ReTabSyn: Realistic Tabular Data Synthesis via Reinforcement Learning
New RL pipeline boosts data utility by 20% in low-data scenarios, focusing on predictive signals.
A research team led by Xiaofeng Lin has introduced ReTabSyn, a novel pipeline for generating synthetic tabular data using reinforcement learning. The core innovation addresses a key weakness in existing deep generative models: their struggle to learn complex data distributions in low-data, imbalanced settings. Instead of striving to replicate the full joint probability distribution of the data—an often inefficient goal—ReTabSyn's training objective directs the generator to prioritize learning the conditional distribution P(y|X). This means the model focuses on preserving the feature correlations most critical for accurate prediction of the target variable, making synthetic data generation far more data-efficient.
The system works by providing direct, reinforced feedback to the generator during training, specifically rewarding it for preserving these vital predictive signals. The researchers empirically fine-tuned a language model-based generator using this RL approach. In rigorous benchmarks simulating real-world challenges like small sample sizes, severe class imbalance, and distribution shift, ReTabSyn consistently outperformed current state-of-the-art baselines. The synthetic data it produces leads to stronger downstream model performance, effectively mitigating data scarcity and privacy concerns.

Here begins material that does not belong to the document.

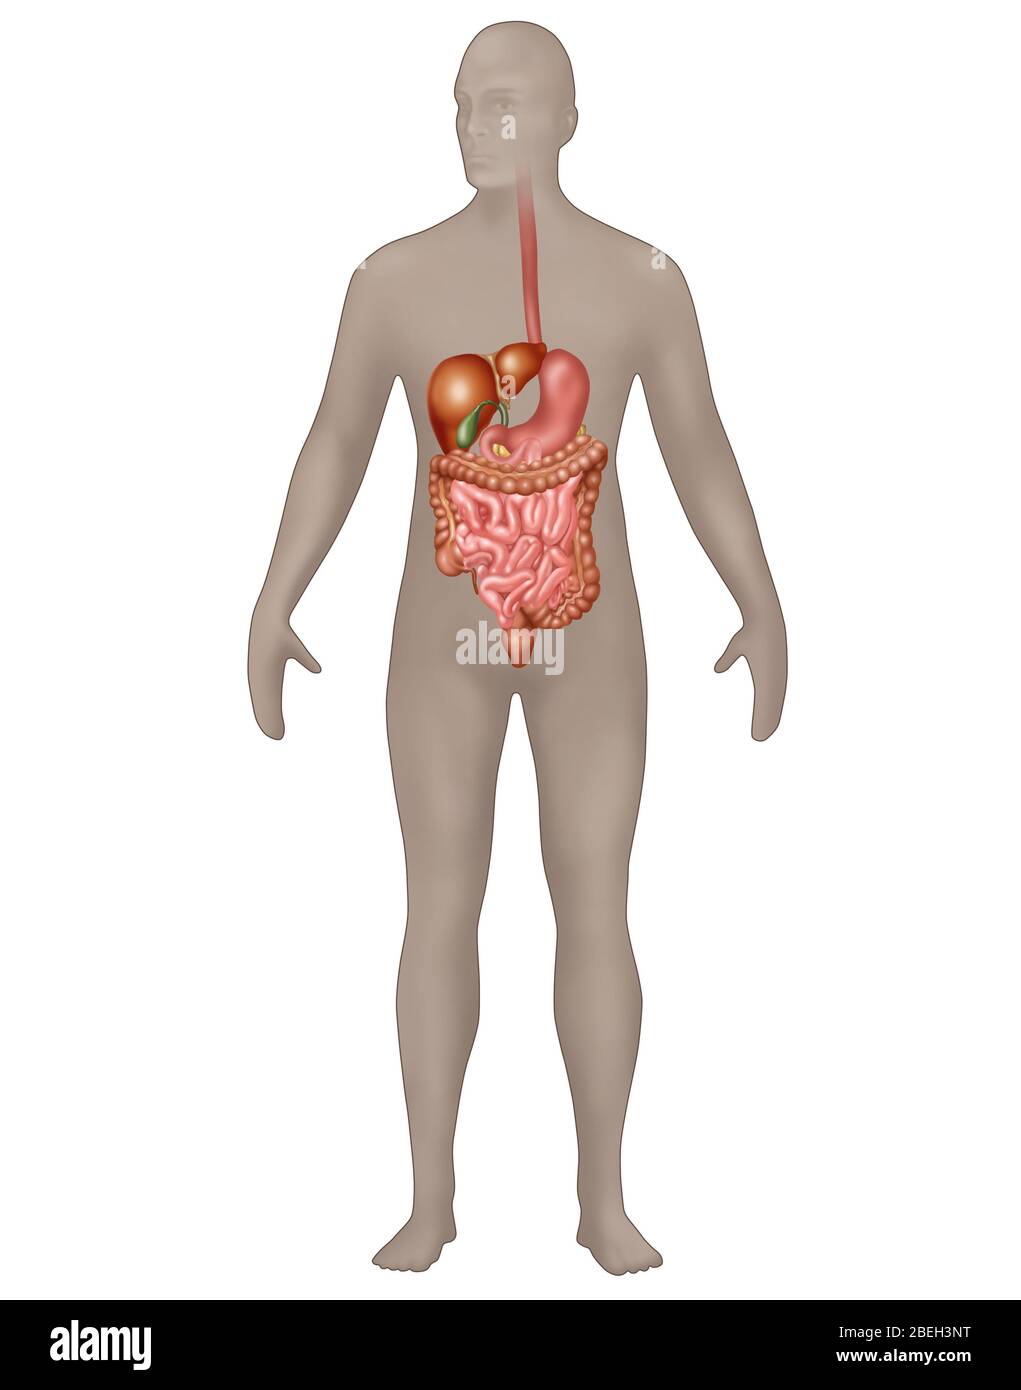 Sistema digestivo en Anatomía masculina Foto de stock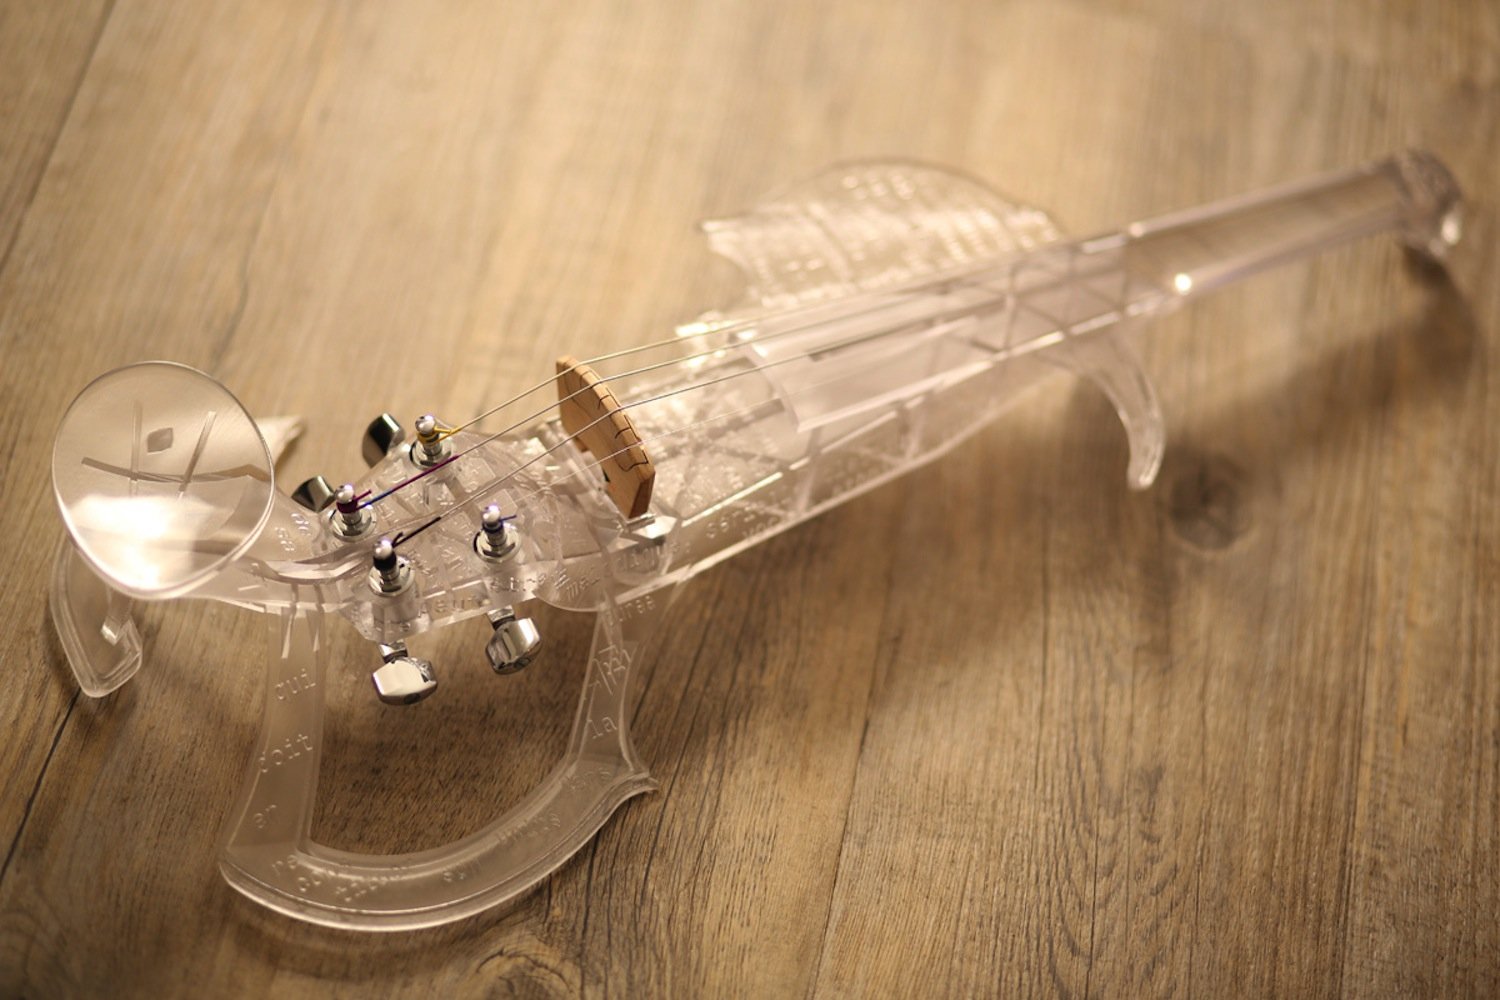 Aktueller Prototyp der 3Dvarius: Der 3D-Drucker SLA 3500 hat die E-Violine mit Kunstharz gedruckt. 

Furthermore, the reinforcement learning framework offers significant extensibility. It can be readily adapted to incorporate expert-specified constraints on the generated observations, allowing for greater control over the synthetic data's properties. This makes ReTabSyn not just a tool for data augmentation, but a flexible platform for creating tailored datasets that adhere to specific business rules or statistical requirements, opening new avenues for secure and efficient data sharing in sensitive domains.
- Focuses on conditional distribution P(y|X) instead of full joint distribution for greater data efficiency
- Uses RL to provide direct feedback, preserving critical feature correlations in low-data scenarios
- Outperforms SOTA baselines on benchmarks with small samples, class imbalance, and distribution shift
Why It Matters
Enables creation of high-utility synthetic data for ML training when real data is scarce, imbalanced, or privacy-sensitive.